• [Dataset section]
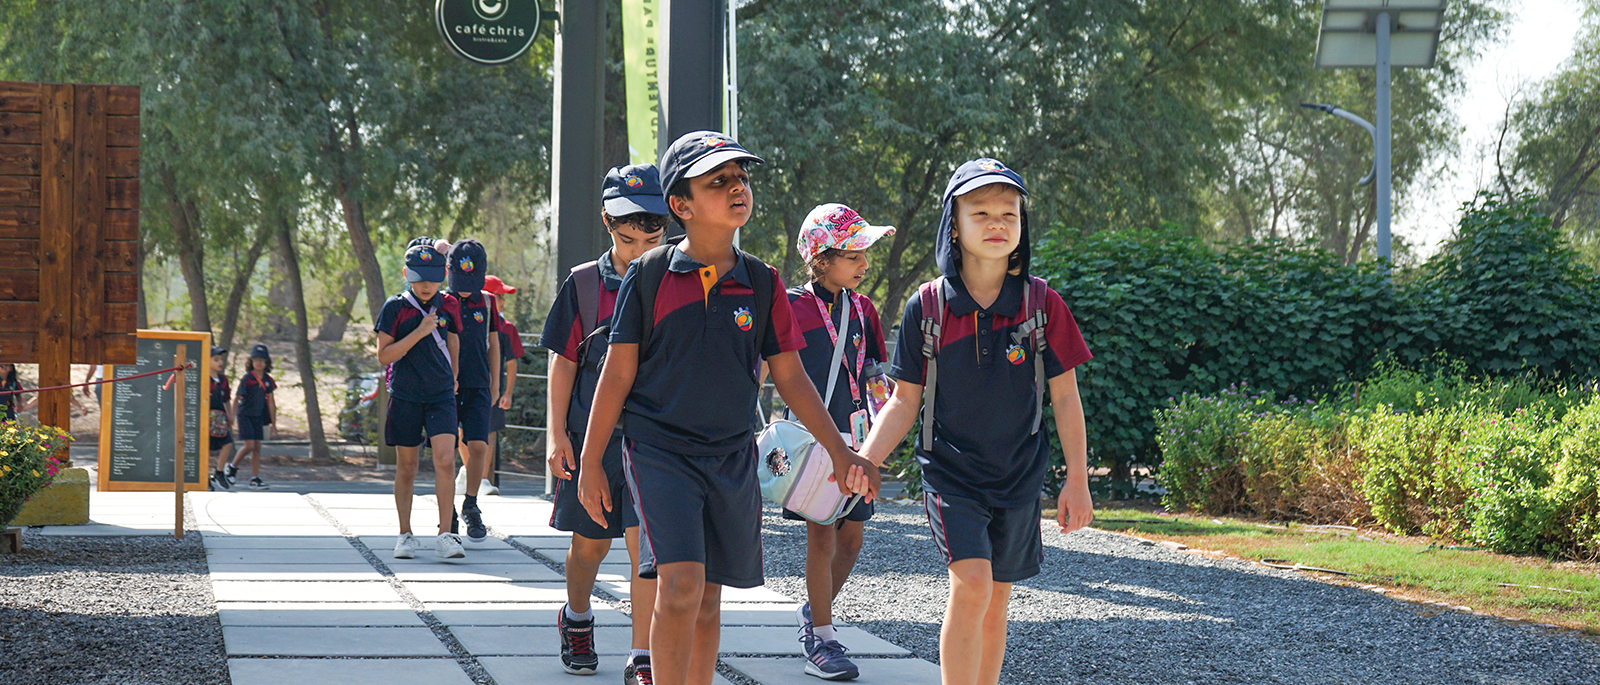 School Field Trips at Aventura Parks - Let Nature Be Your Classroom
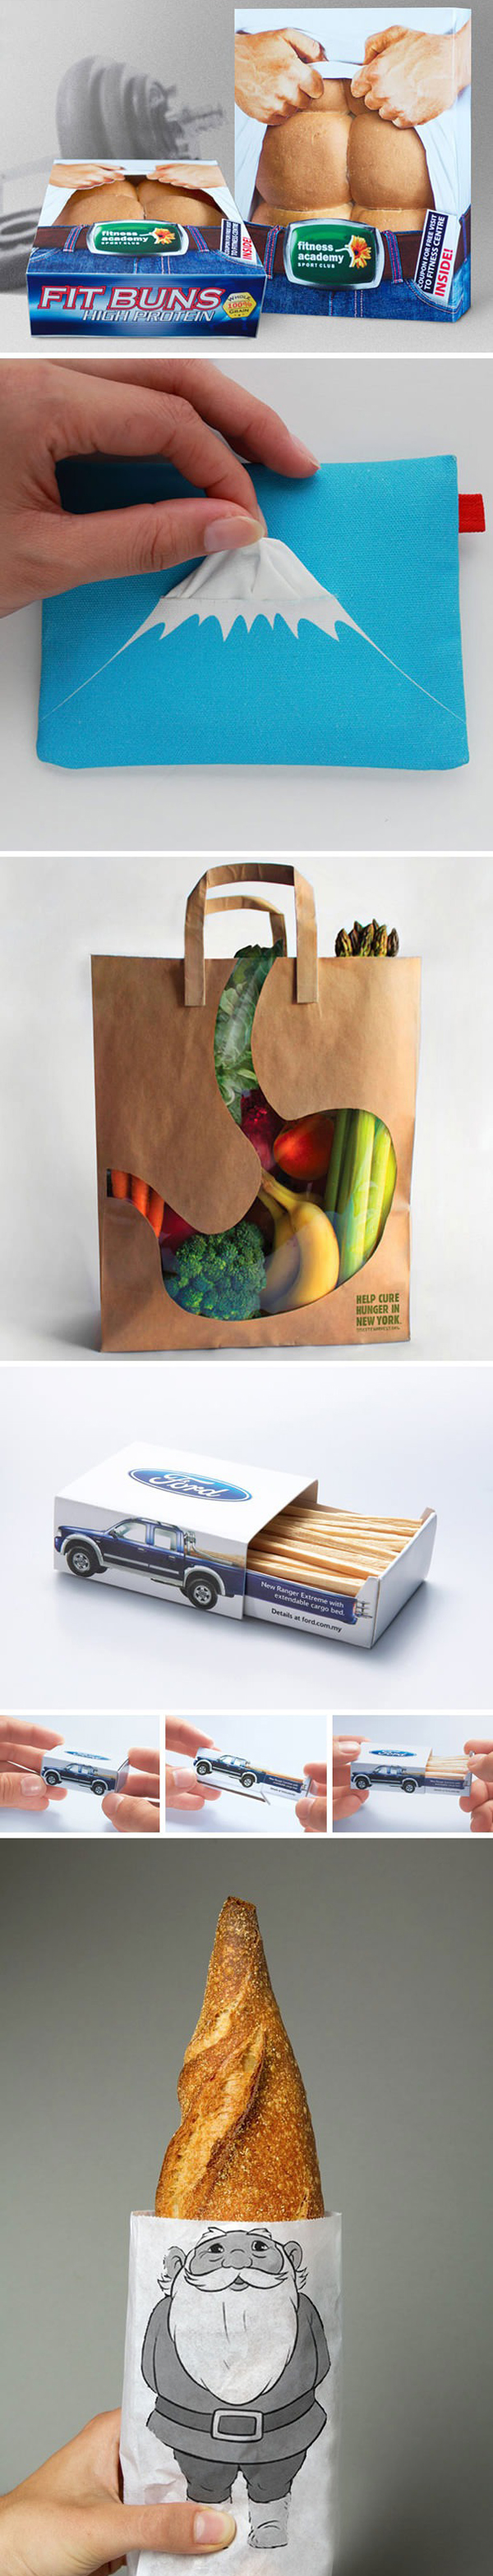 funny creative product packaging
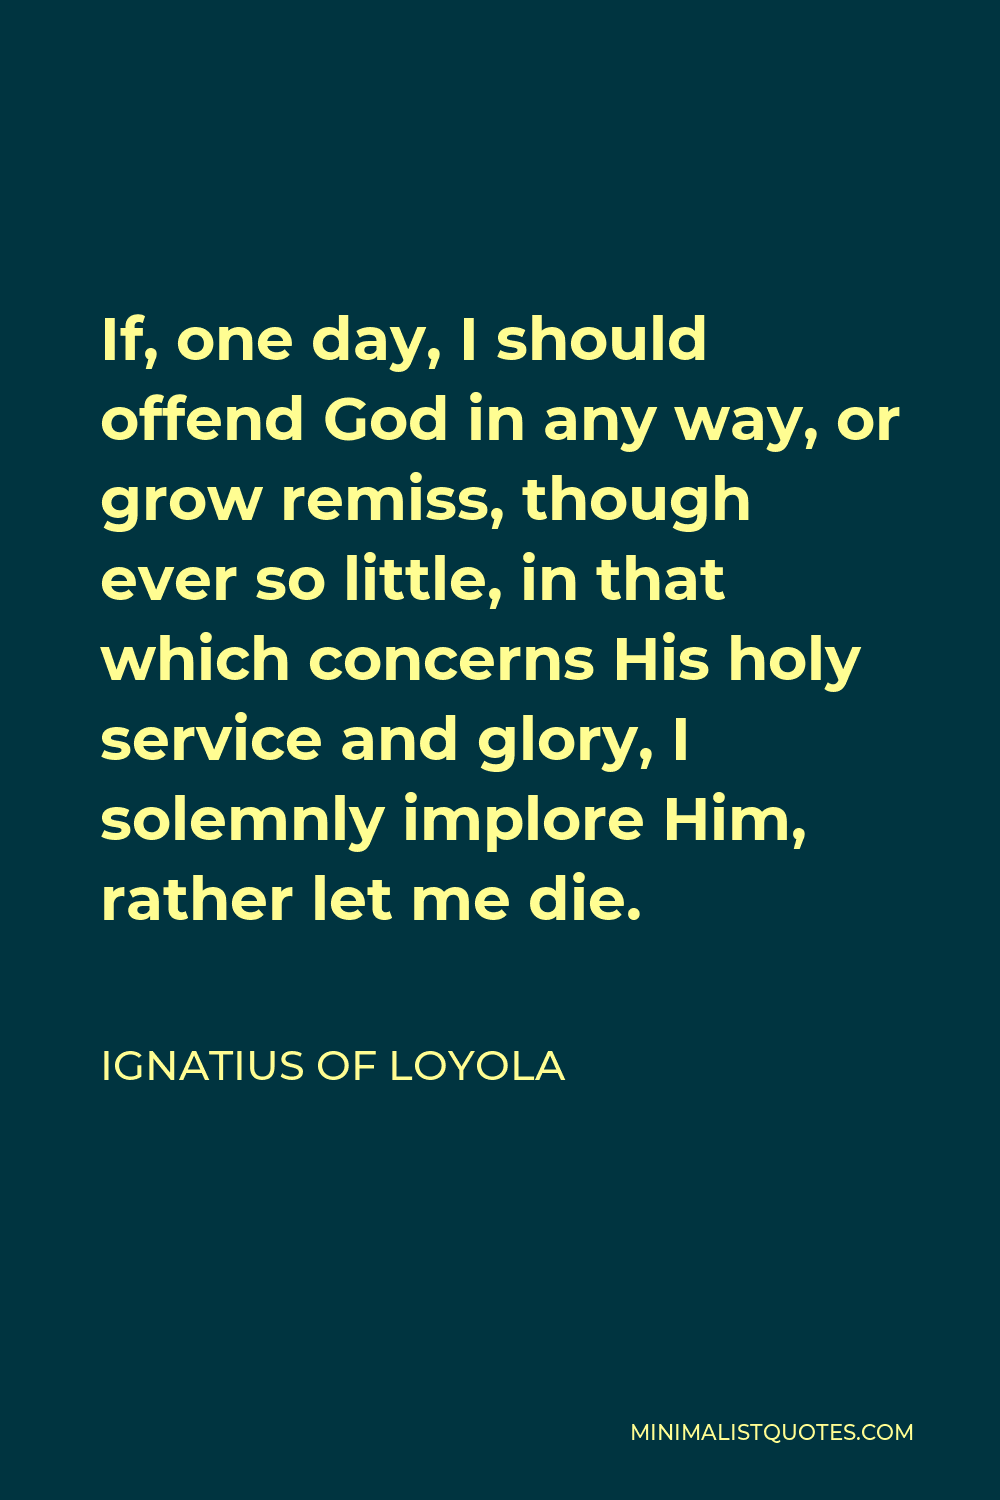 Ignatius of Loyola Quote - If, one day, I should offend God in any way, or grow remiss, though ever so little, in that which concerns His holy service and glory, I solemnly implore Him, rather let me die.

• [Problem description]
Skipping any pictures, transcribe the full listing exactly.

• [Your solution]
 School Field Trips at Aventura Parks - Let Nature Be Your Classroom
 funny creative product packaging
 Ignatius of Loyola Quote - If, one day, I should offend God in any way, or grow remiss, though ever so little, in that which concerns His holy service and glory, I solemnly implore Him, rather let me die.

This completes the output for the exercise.